Porn, dog poop, and social media photos: the "taskers" who are scraping the internet for Meta's AI company.

Porn, dog poop, and social media photos: the "taskers" who are scraping the internet for Meta's AI company.

A company partly owned by Meta has paid tens of thousands of people to train artificial intelligence by sifting through Instagram accounts, collecting copyrighted material, and transcribing pornographic audio, the Guardian can reveal.

Scale AI, which is 49% controlled by Mark Zuckerberg’s social media empire, recruited experts in fields like medicine, physics, and economics—ostensibly to refine advanced AI systems through a platform called Outlier. Its website advertises flexible work for highly qualified individuals, inviting them to “Become the expert that AI learns from.”

However, workers on the platform say they have been drawn into scraping a wide range of personal data from other people—a practice they describe as morally troubling and far removed from refining high-level AI.

Outlier is managed by Scale AI, a company that holds contracts with the Pentagon and U.S. defense contractors. Its CEO, Alexandr Wang, who is also Meta’s chief AI officer, was labeled by Forbes as the “world’s youngest self-made billionaire.” Its former managing director, Michael Kratsios, served as science adviser to former President Donald Trump.

One U.S.-based Outlier contractor said users of Meta platforms like Facebook and Instagram would be surprised to learn how their account data—including photos of themselves and their friends—is being collected. “I don’t think people understood that there’d be somebody at a desk in a random state, looking at your [social media] profile and using it to generate AI data,” they said.

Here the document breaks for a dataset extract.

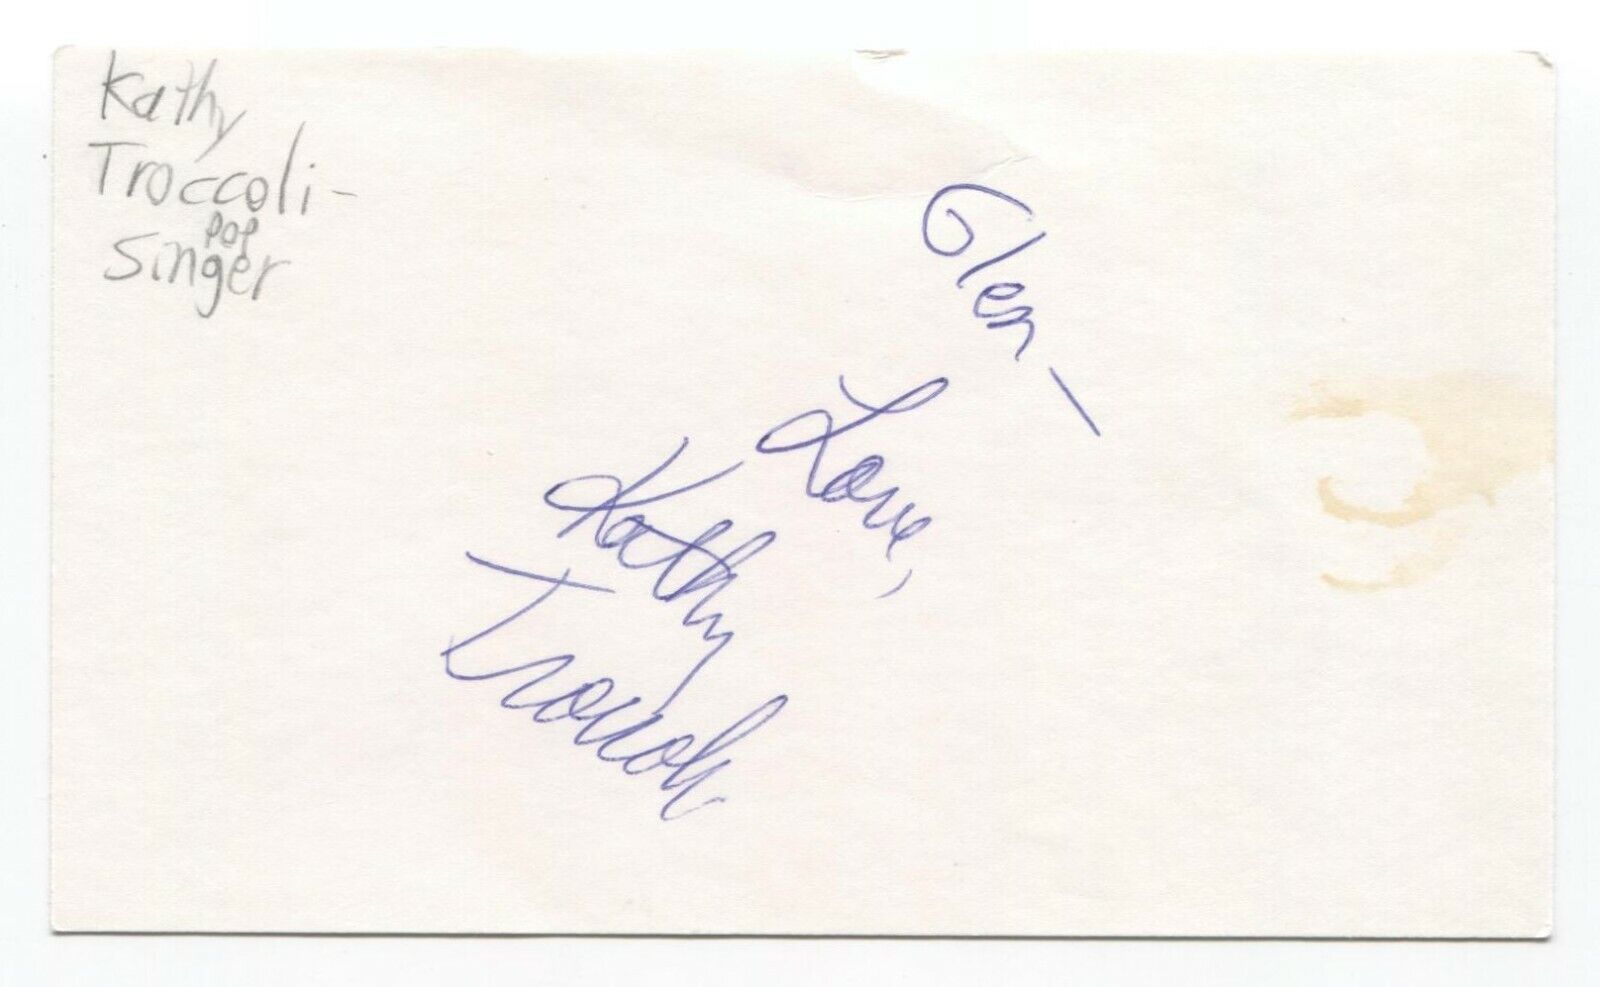 Kathy Troccoli Signed 3x5 Index Card Autographed Signature Singer
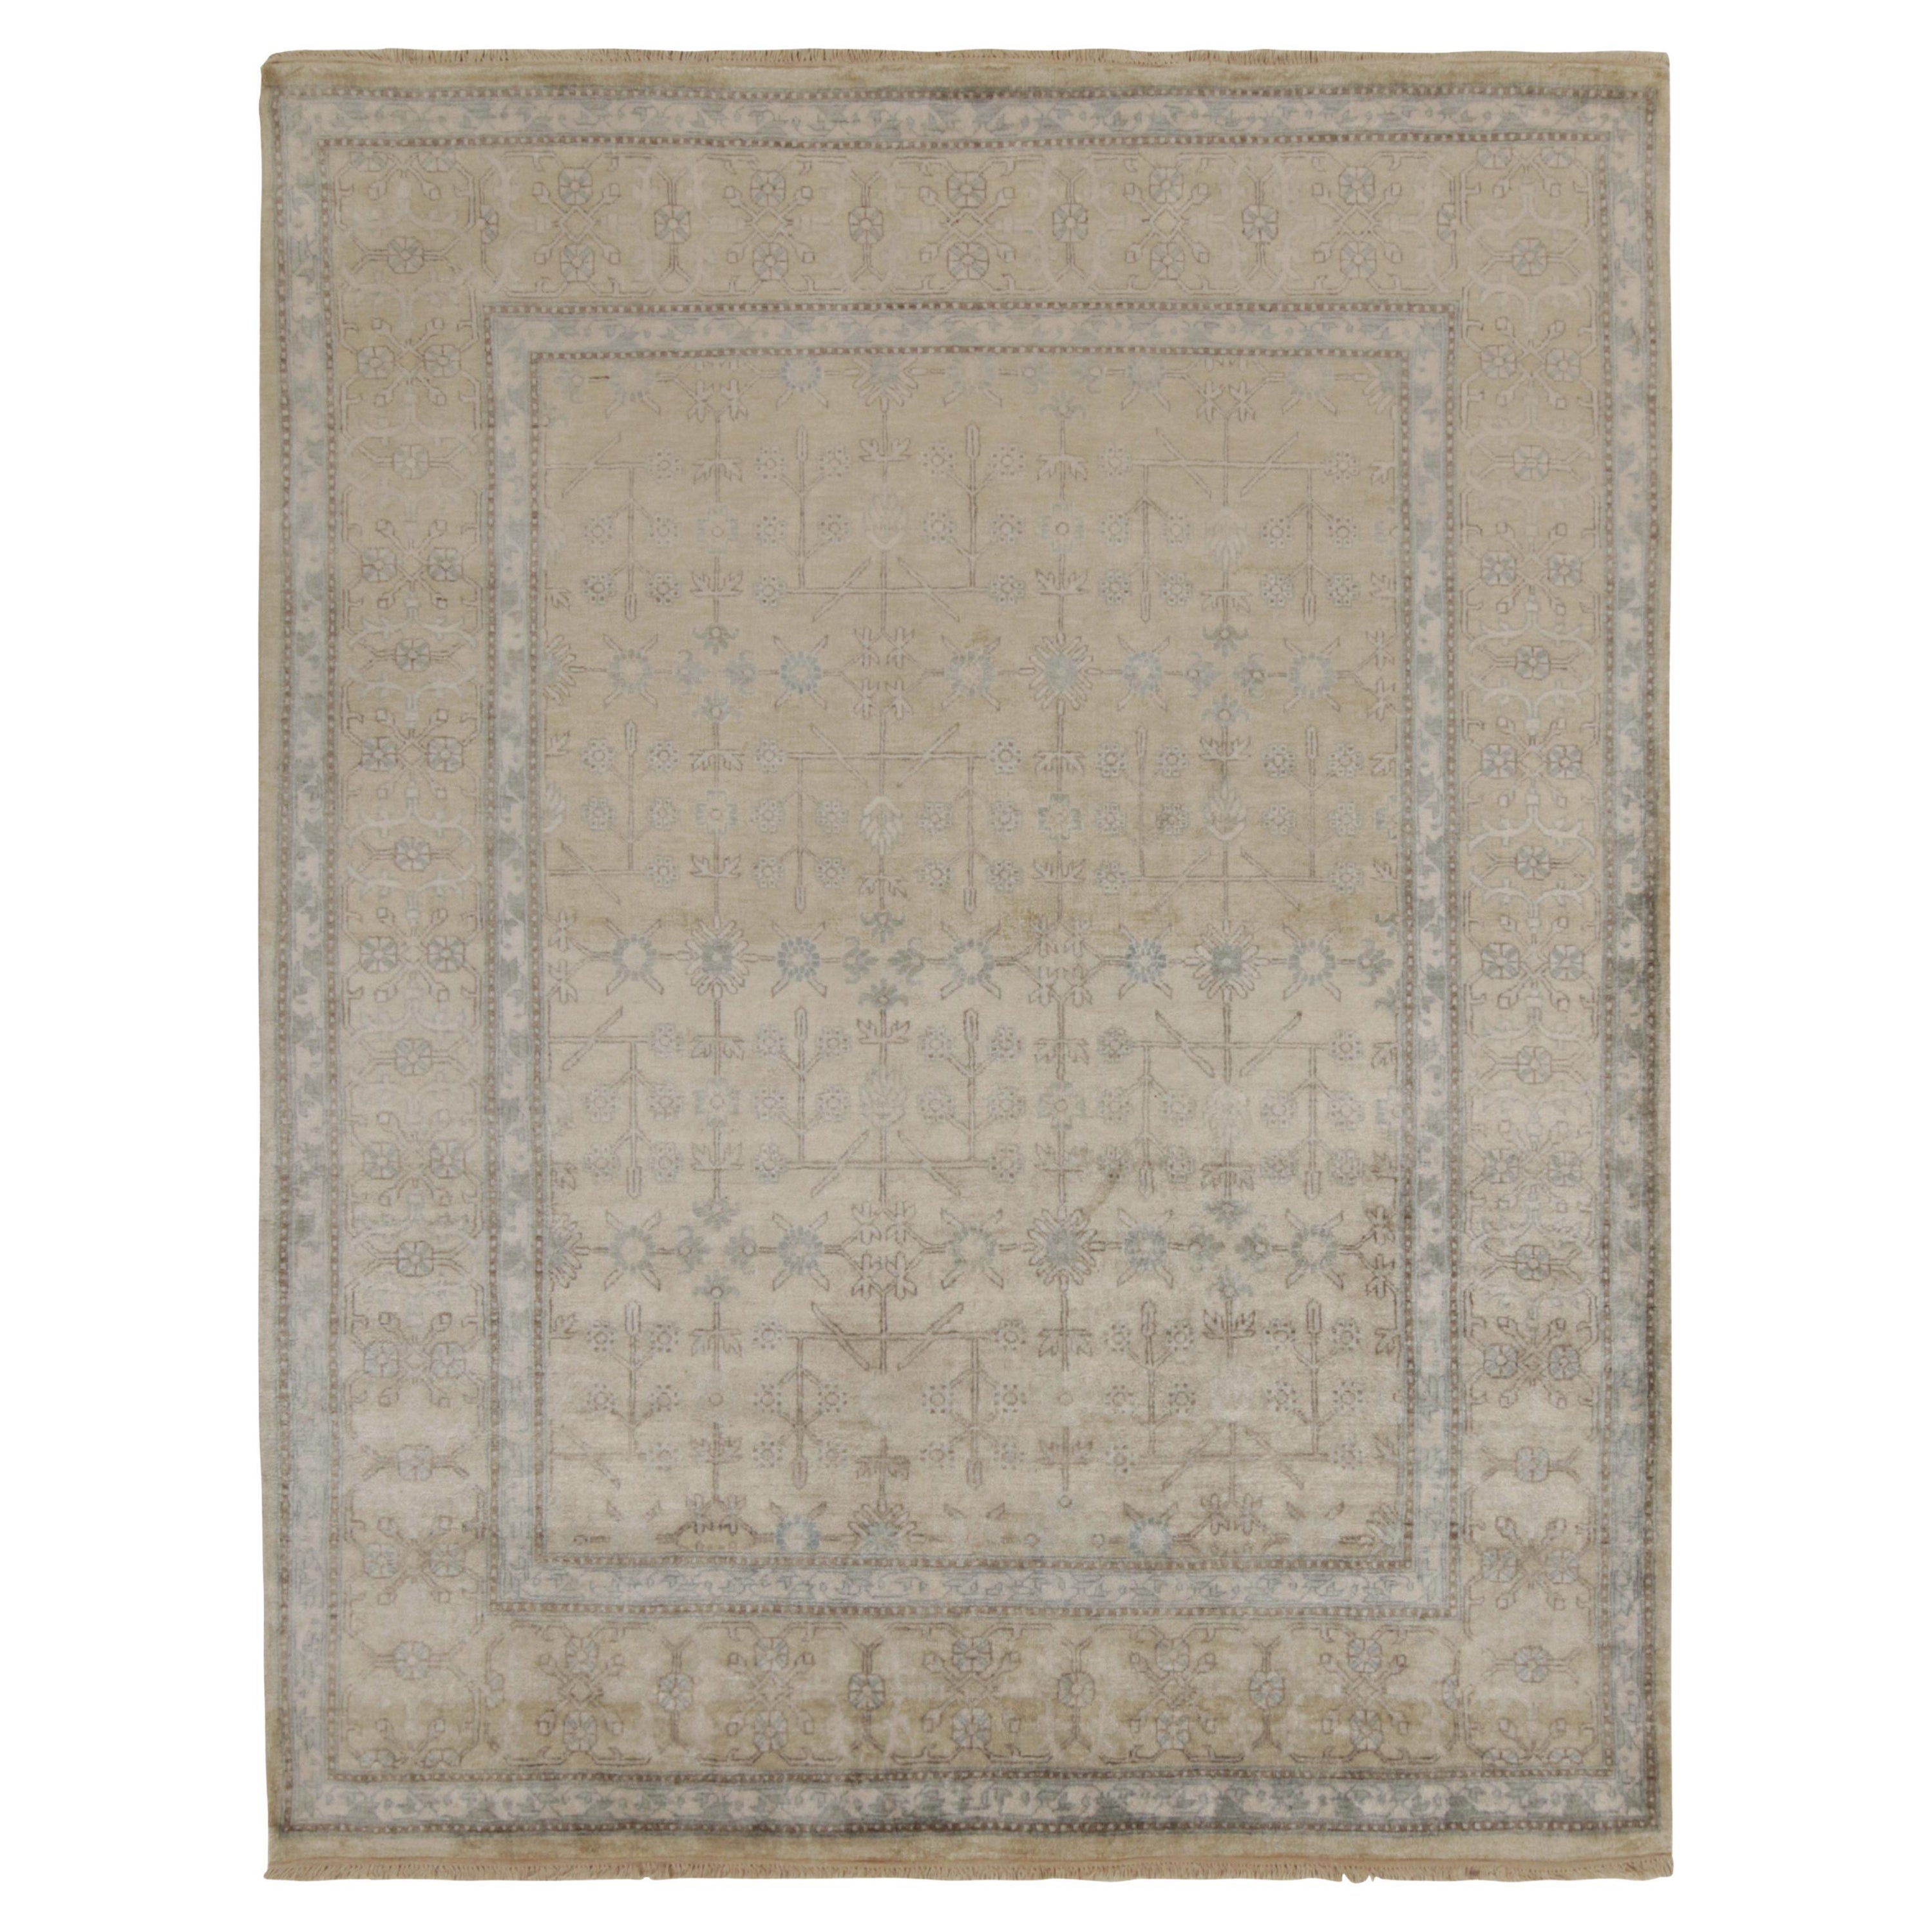 Rug & Kilim’s Khotan style Rug in Ivory with White & Blue Floral Patterns For Sale

The Guardian spoke with 10 people who have worked for Outlier training AI systems, some for over a year. Many held other jobs as journalists, graduate students, teachers, or librarians. But in an economy increasingly threatened by AI, they sought the extra income. “A lot of us were really desperate,” one worker said. “Many people really needed this job, myself included, and tried to make the best of a bad situation.”

Like the growing global class of AI gig workers, most believed they were training their own replacements. One artist spoke of “internalized shame and guilt” for “contributing directly to the automation of my hopes and dreams.” They added, “As an aspiring human, it makes me angry at the system.”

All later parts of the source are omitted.